Data section Start Marker

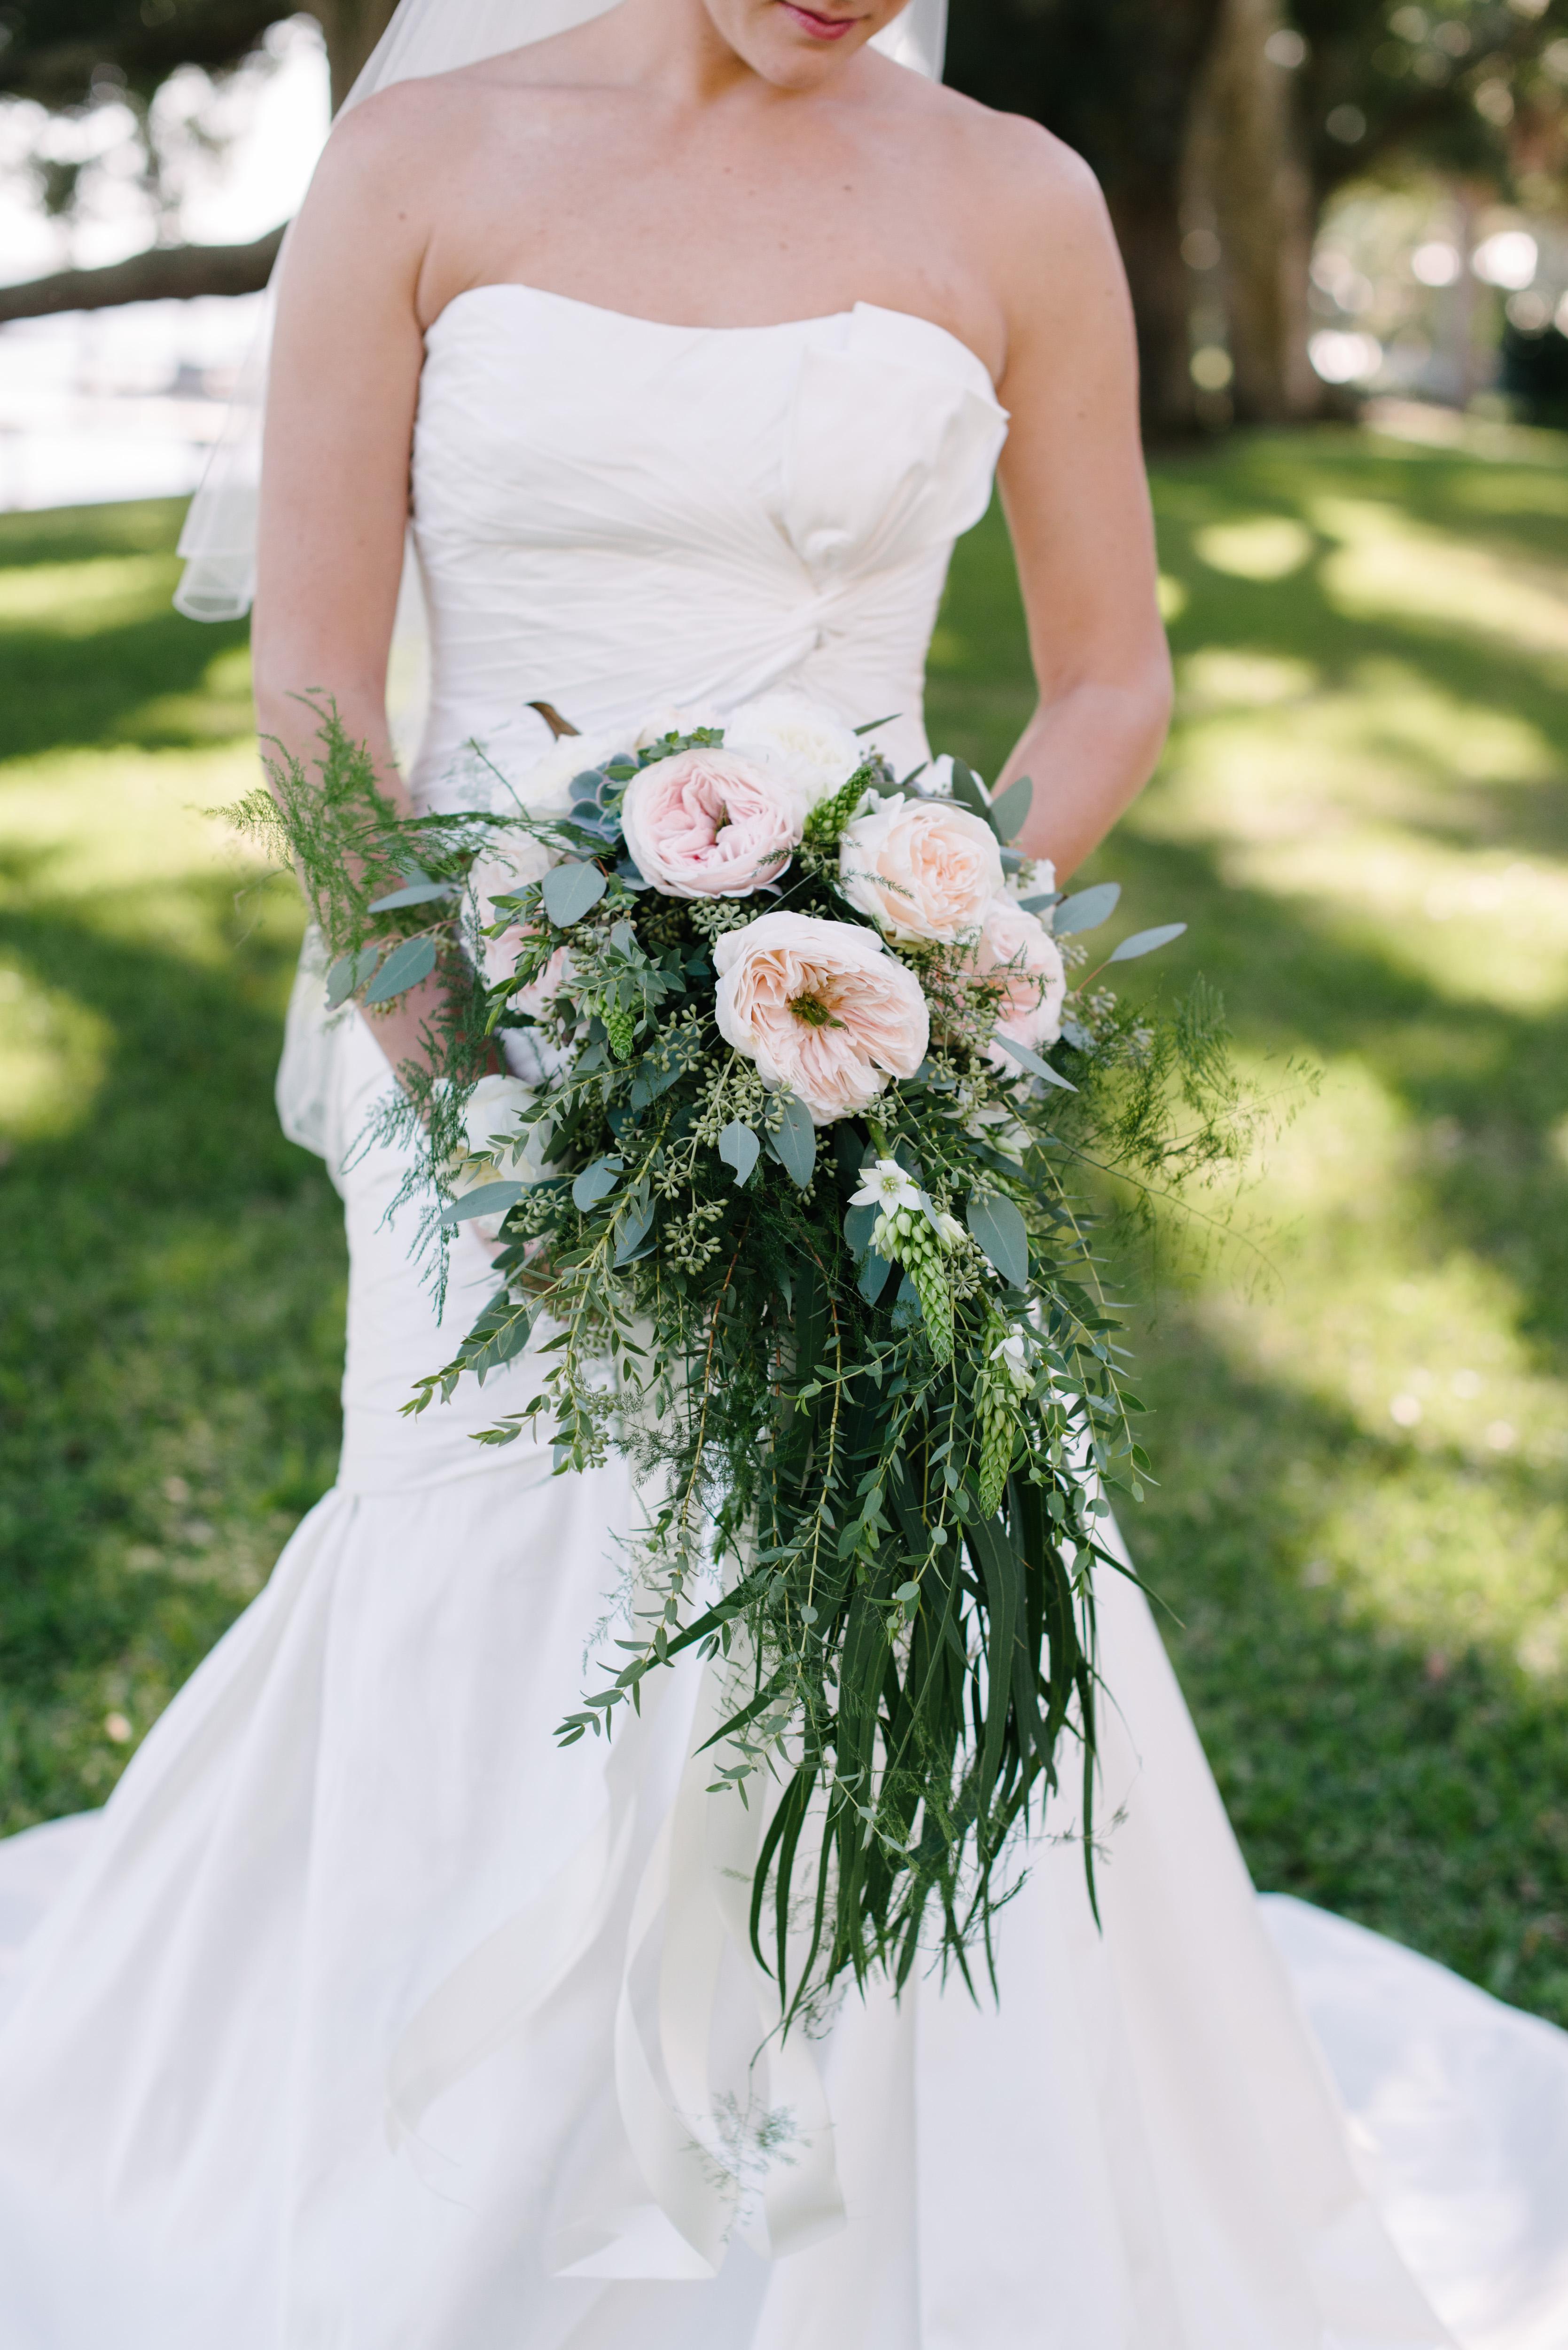 10 Words to Define Your Wedding Style - WeddingWire
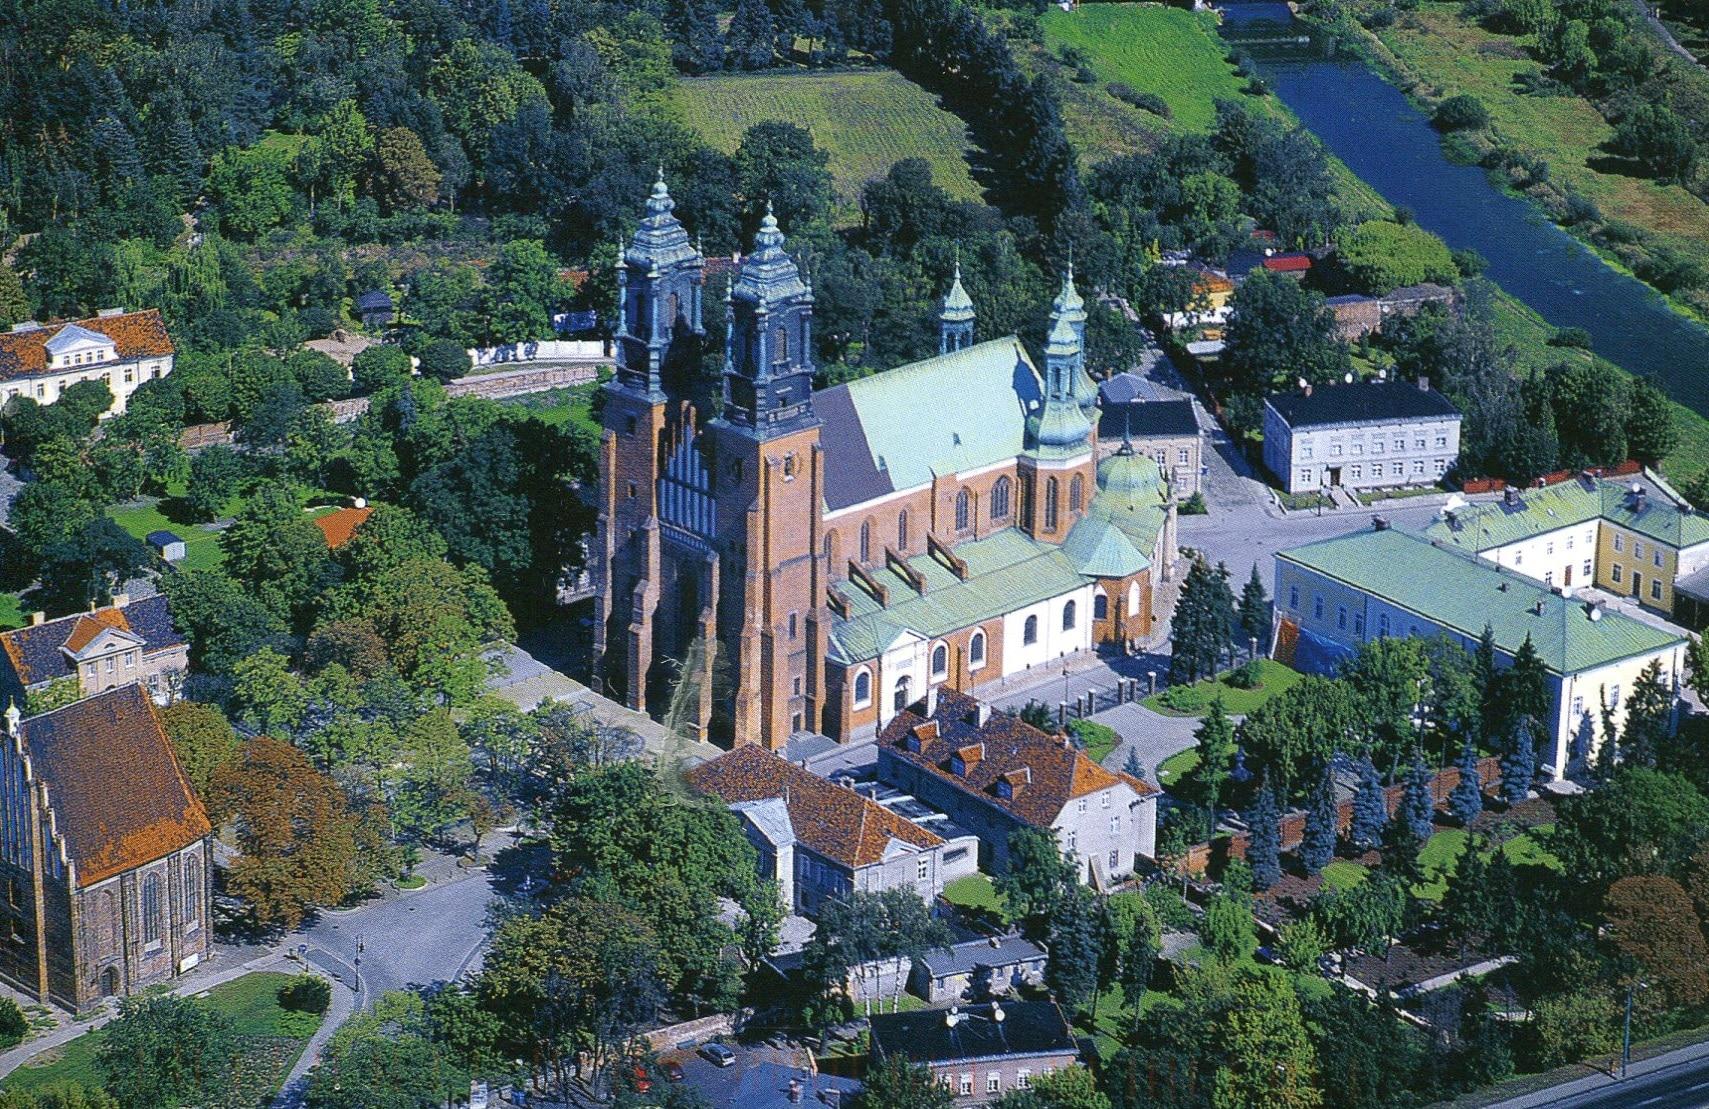 Biserica Sf. Petru și Pavel din Poznan
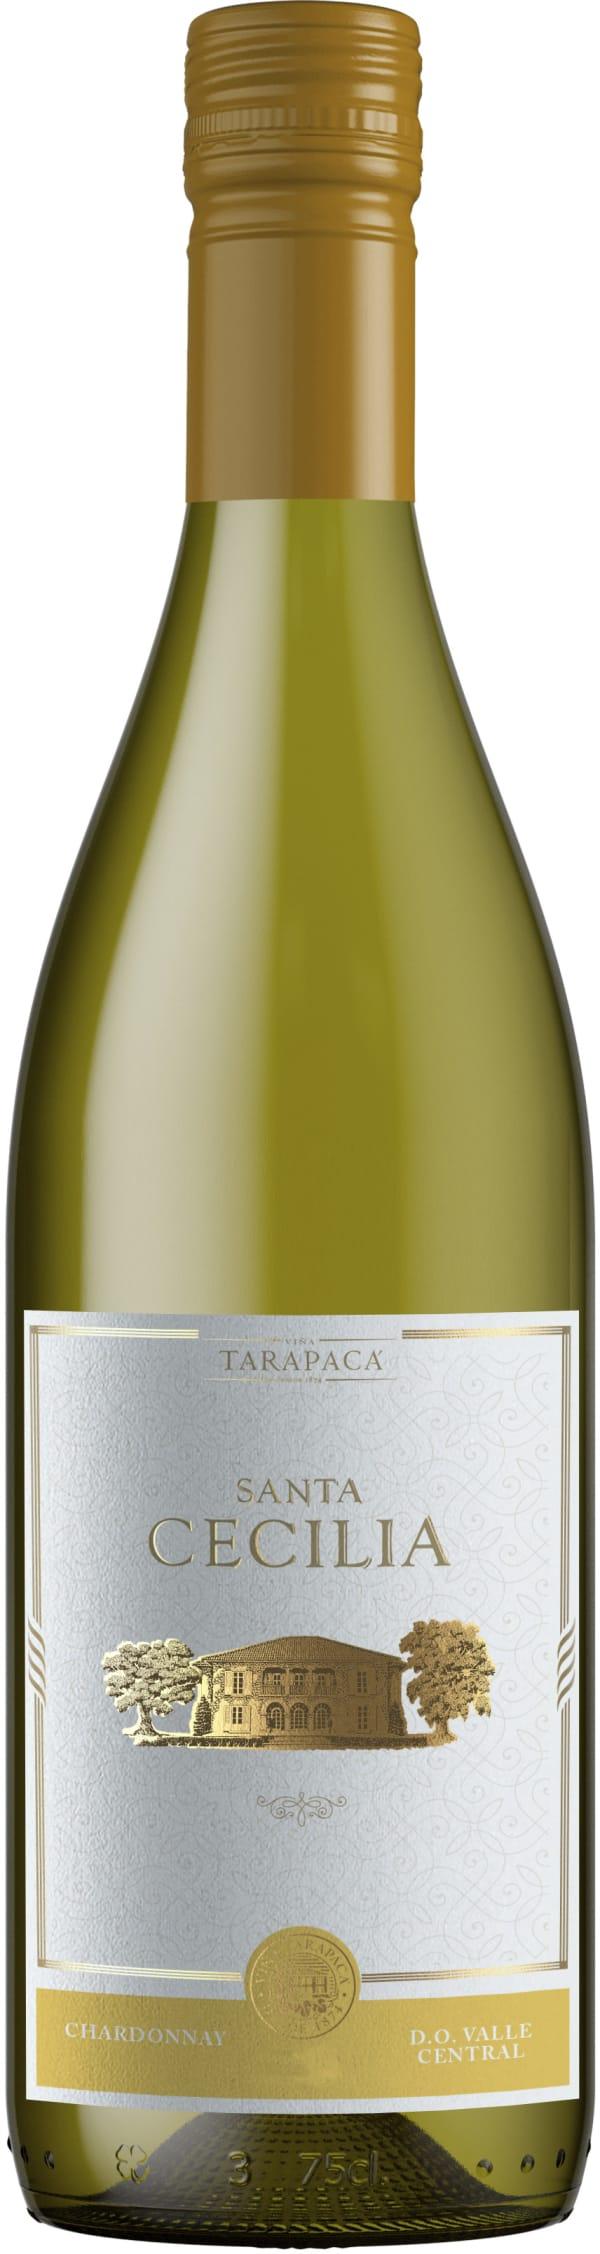 Tarapacá Santa Cecilia Chardonnay 2019

Data section End Marker

Problem details:
Skip every picture and transcribe the data above exactly.

Reply to the exercise:
 10 Words to Define Your Wedding Style - WeddingWire
 Biserica Sf. Petru și Pavel din Poznan
 Tarapacá Santa Cecilia Chardonnay 2019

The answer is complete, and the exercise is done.